Google stopped submitting patents to the USPTO: why?

UPDATE: As pointed out by Bill Slawski, most recently submitted patent applications don't show up within that time period in USTPO searches or Google's patent search because they are initially filed confidentially, under 35 U.S.C. 122 Confidential status of applications; publication of patent applications. So, I was gracefully wrong!

Software patent wars have always existed: companies fought them (or paid up), sometimes quietly, sometimes making a big fuss. However, something has changed over the last year or so: people started getting directly affected by software patents (ask anybody wanting a Samsung Galaxy Tab in Australia for Christmas 2011...). Lately, two things came to my attention: Google acquired 200 patents from IBM. But, more interestingly: Google hasn't filed any patents over the last several months.

This can be confirmed by looking at Google's own patent search.

Why not? This is certainly a very fair question. A slowdown could have been something understandable -- a complete halt, however, is definitely more interesting.

Hypothesis #1: Making new, half-meaningful software patents is hard and expensive

Really, how many "processes" can you really patent? Getting a patent through is a long, drawn process which requires tons of paperwork and money. Maybe they just got stuck -- it happens to people, and it can happen to companies too. Maybe it just so happened that they reached a point where they just couldn't make up new ways of implementing auto-completion, or suggesting translations to words.

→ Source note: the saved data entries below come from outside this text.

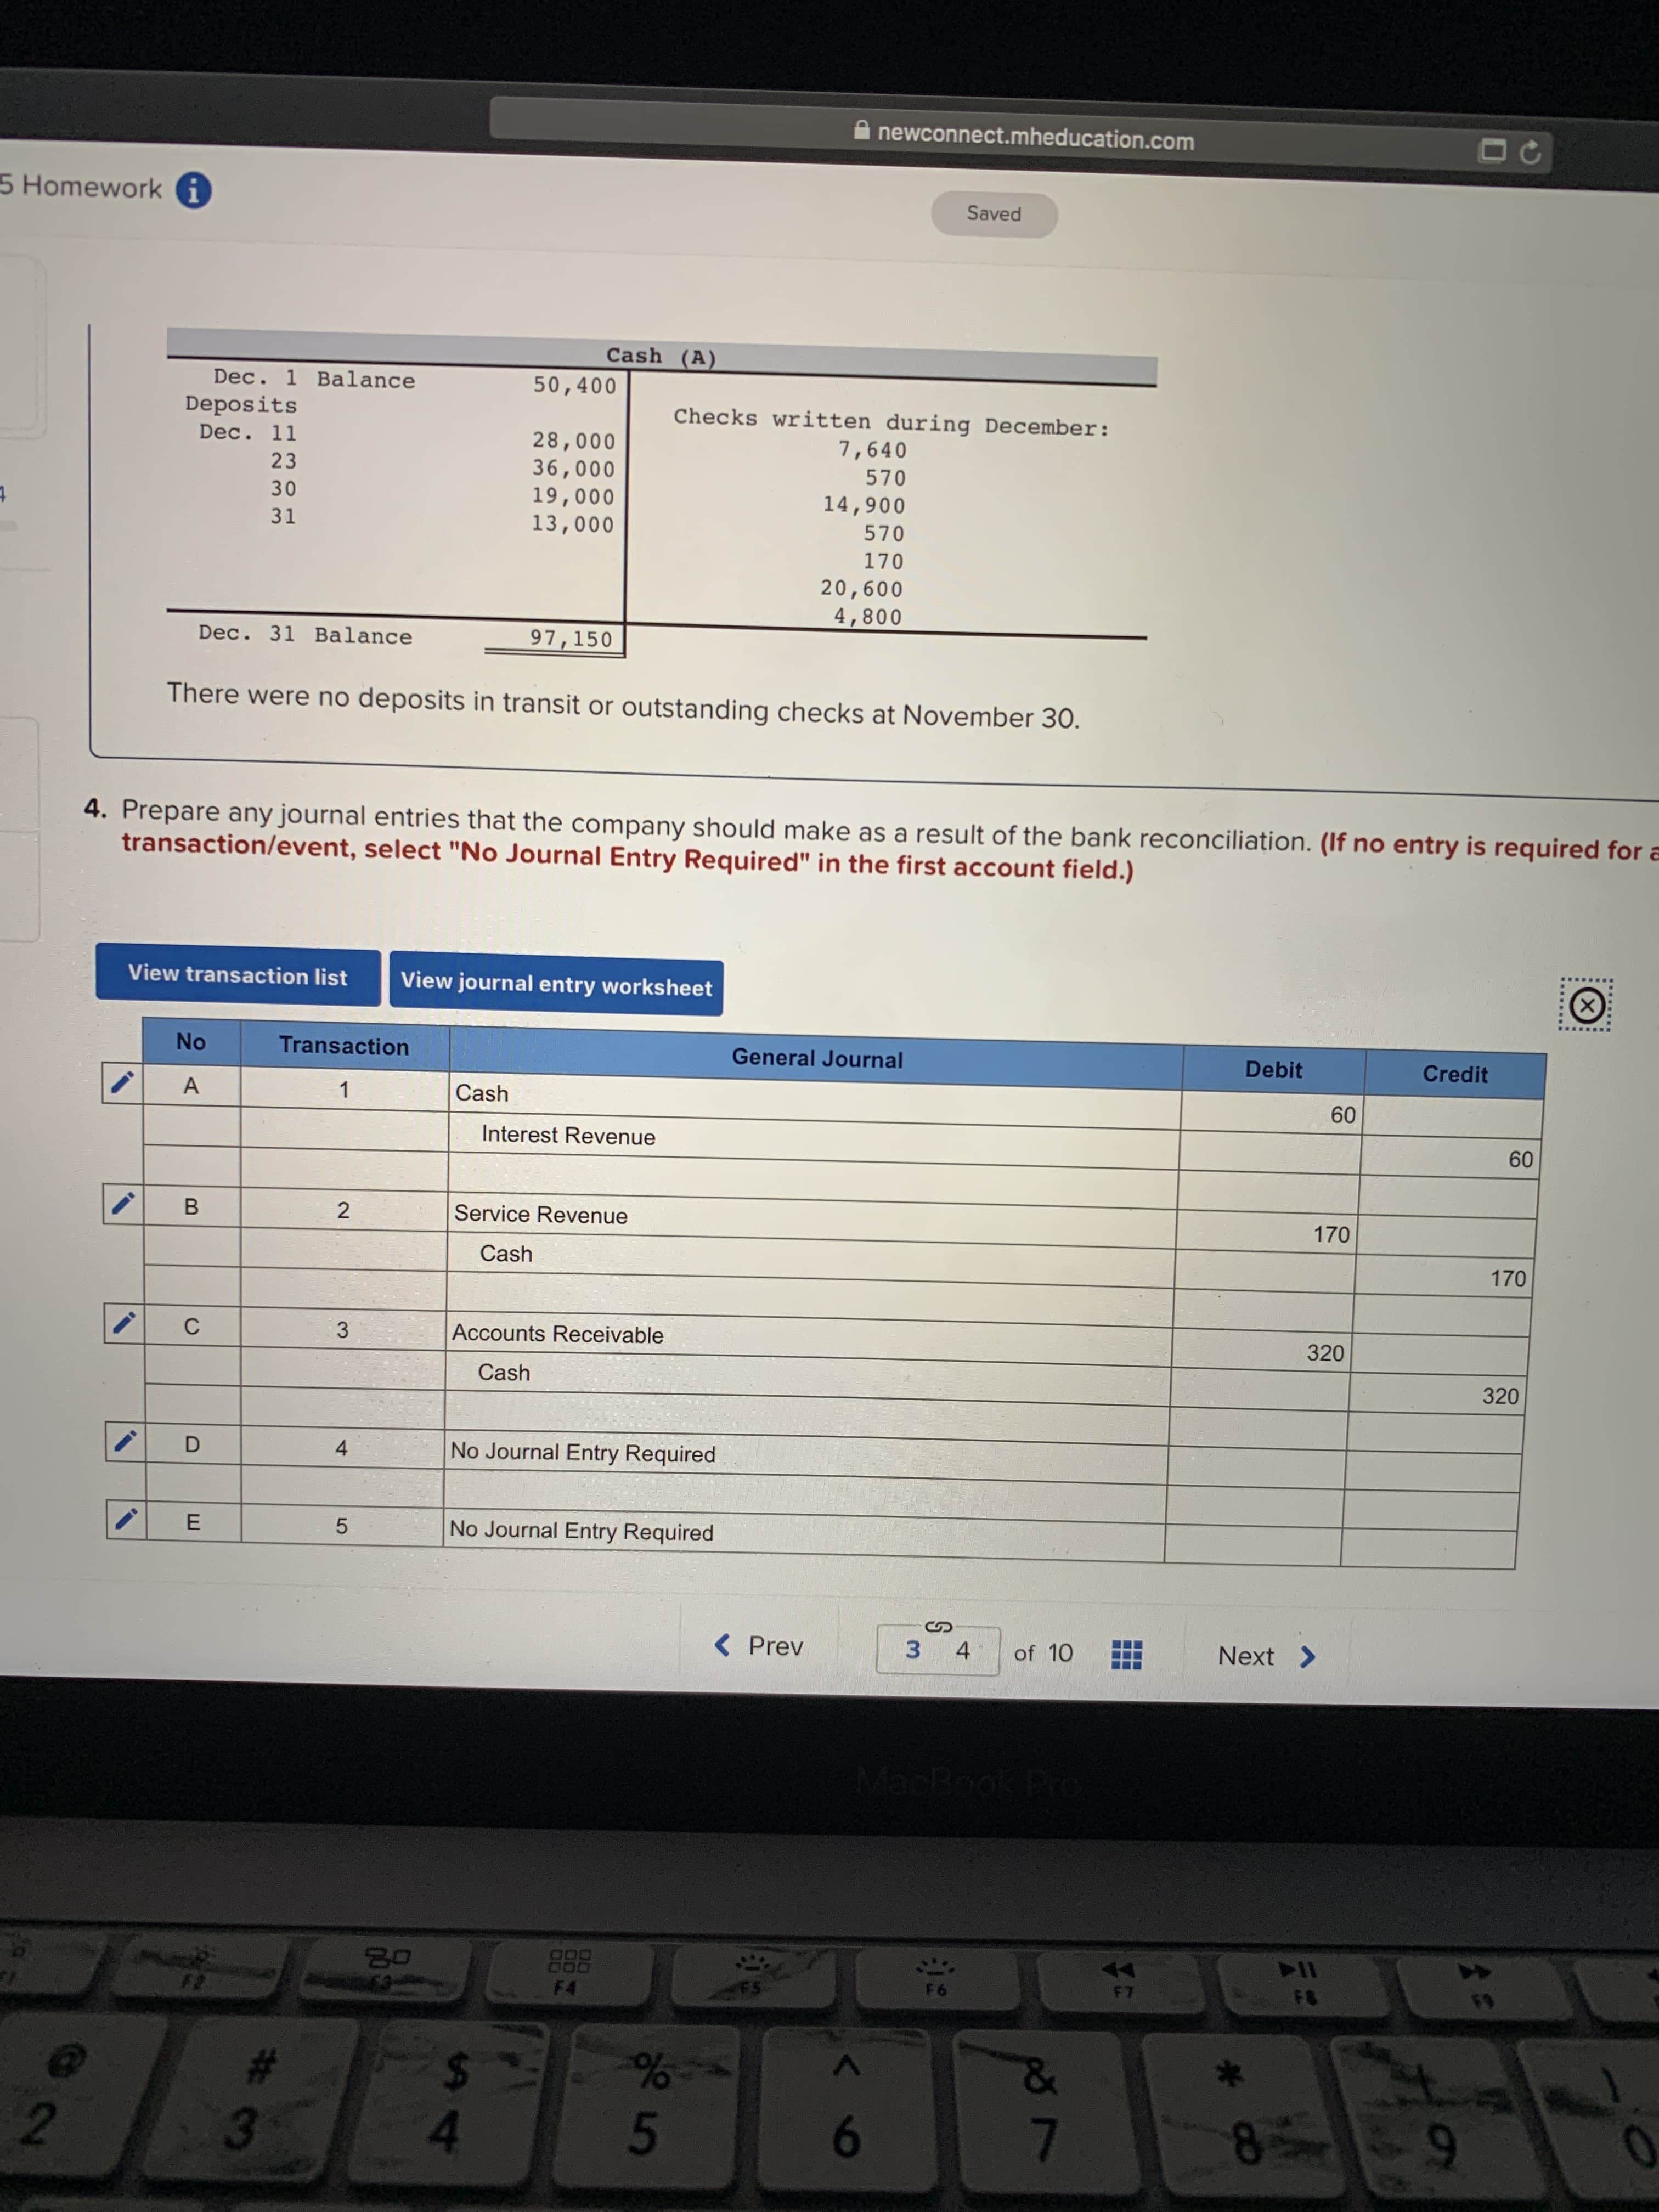 newconnect.mheducation.com
5 Homeworki
Saved
Cash (A)
Dec. 1 Balance
50,400
Deposits
Checks written during December:
7,640
Dec. 11
28,000
36,000
19,000
13,000
23
570
30
14,900
4
31
570
170
20,600
4,800
Dec. 31 Balance
97,150
There were no deposits in transit or outstanding checks at November 30.
4. Prepare any journal entries that the company should make as a result of the bank reconciliation. (If no entry is required for a
transaction/event, select "No Journal Entry Required" in the first account field.)
View transaction list
View journal entry worksheet
X
No
Transaction
General Journal
Debit
Credit
A
Cash
60
Interest Revenue
60
B
2
Service Revenue
170
Cash
170
Accounts Receivable
C
3
320
Cash
320
No Journal Entry Required
D
4
No Journal Entry Required
E
< Prev
Next>
3
4
of 10
NacBook Pro
B0
F7
FB
F6
FS
FD
F2
F4
%
5
&
2
7
6
8
t
LO
3
LLI
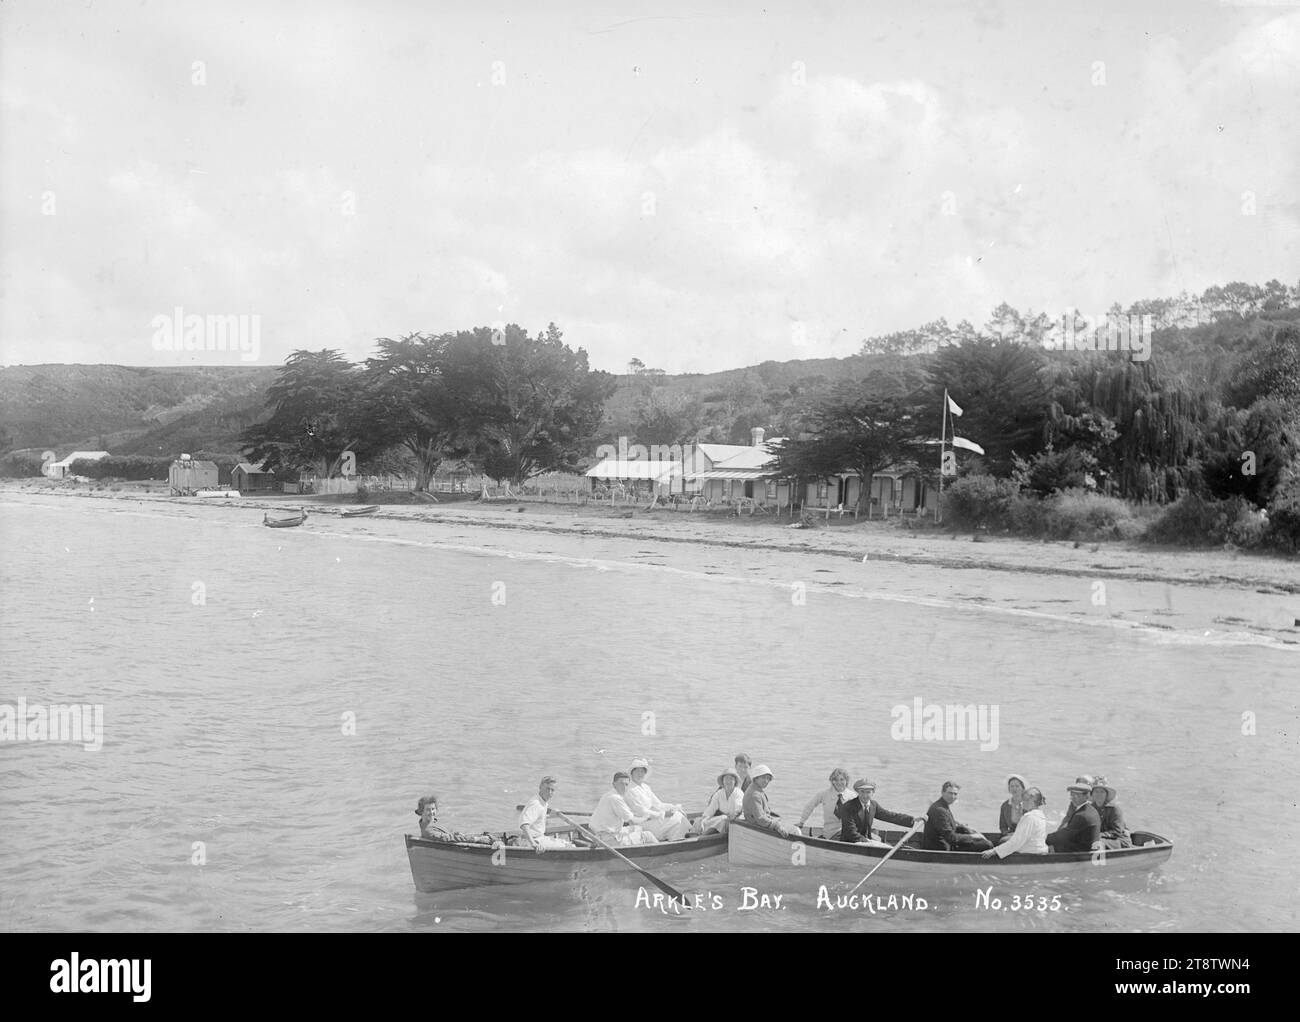 Row boats at Arkles Bay, Auckland, New Zealand, Two boat loads of people rowing in Arkles Bay in front of Arkle's Bay House. A flagpole can be seen on the right of Arkle's Bay House. Taken in early 1900s (possibly from the jetty at the north end of the bay Stock Photo
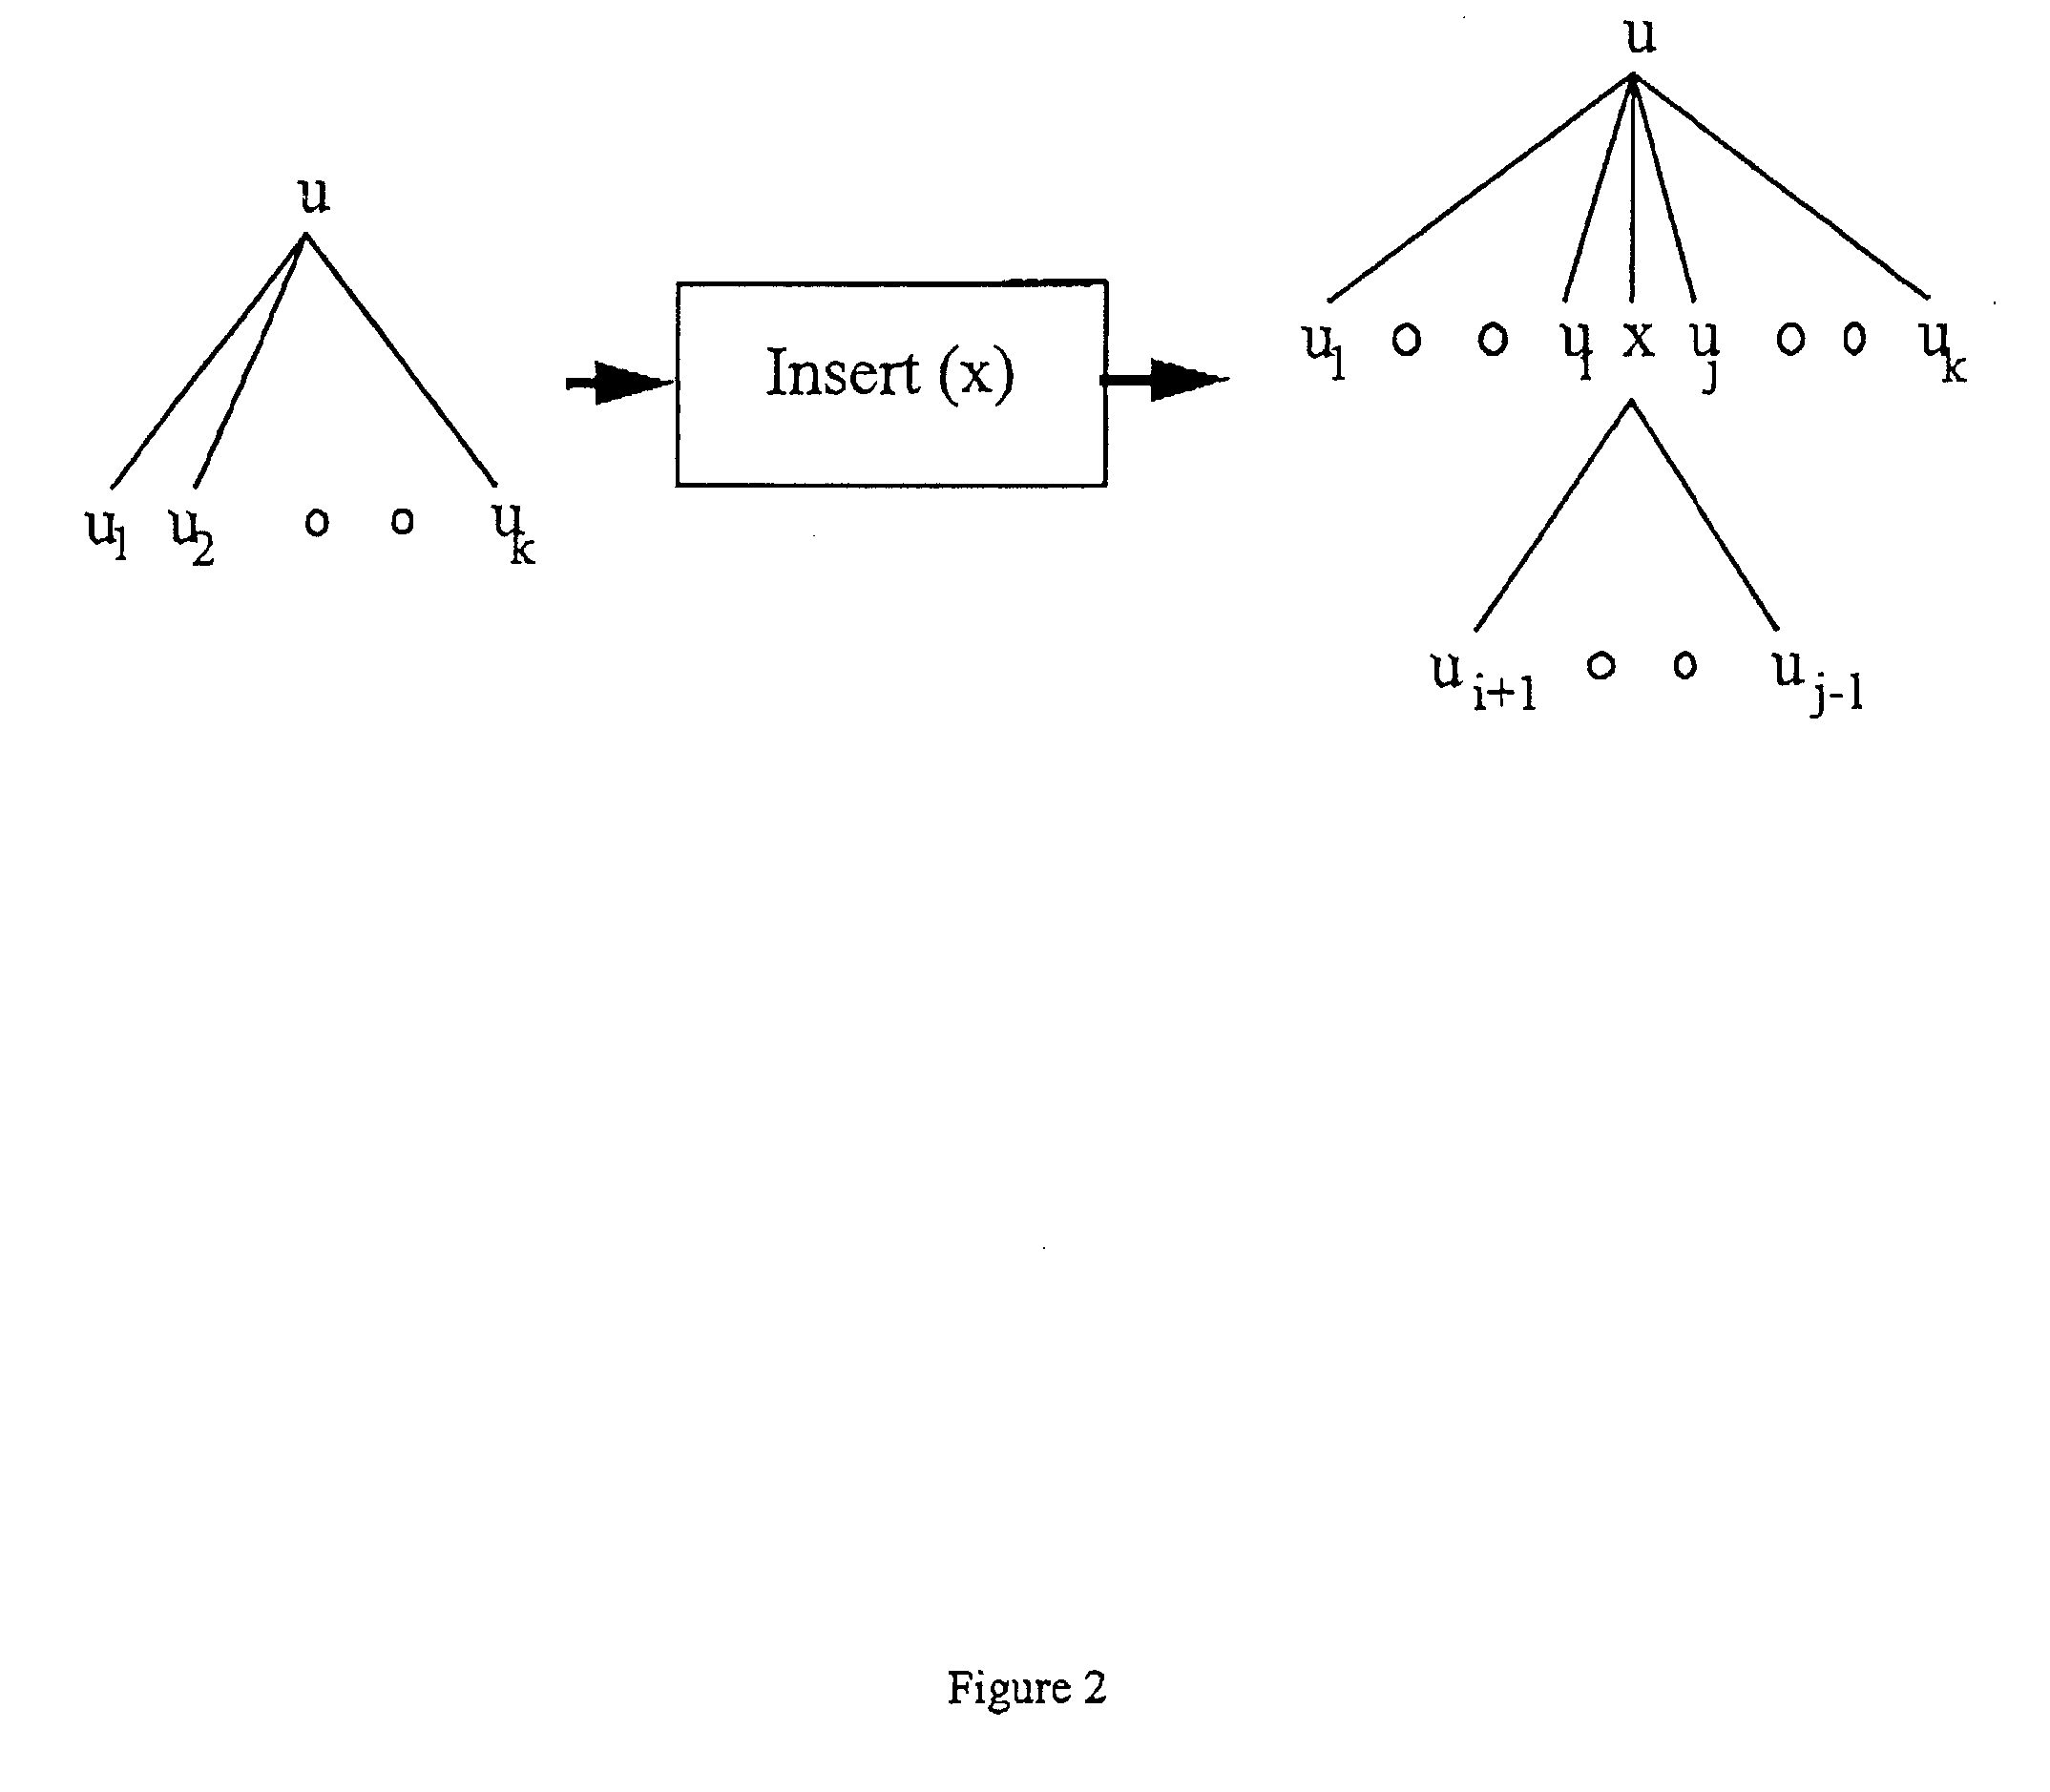 Method for recognizing trees by processing potentially noisy subsequence trees

Reading through Google's own filed patents, you end up reading a lot of obviousness, a few really obscure things, and not much more. This is something that software patents simply cannot help: with software, what you are really "inventing" is processes, and you cannot really go very far.

The (non-existent) list of patents filed by Google over the last 7 months

So, maybe -- and I say maybe -- Google is going a different direction: maybe it's acquiring existing, half-meaningful patents from existing vendors, and the transfer of patents from IBM is only the beginning.

Hypothesis #2: Something bigger and better is coming up

This second hypothesis is the one I like the best: with Microsoft actually making money from Androoid (!), maybe Google is preparing a new strategy in terms of patents -- a strategy where filing patents is not the priority.

This is supported by the fact that acquiring existing, granted patents gives Google an immediate weapon to defend themselves from Microsoft -- and anybody going after Android for that matter.

Maybe Google is preparing a patent alliance that will effectively defend them -- and Android -- from the competition's attacks.

So, why has Google not filed a single patent application to the USPTO for 7 months now? We shall see.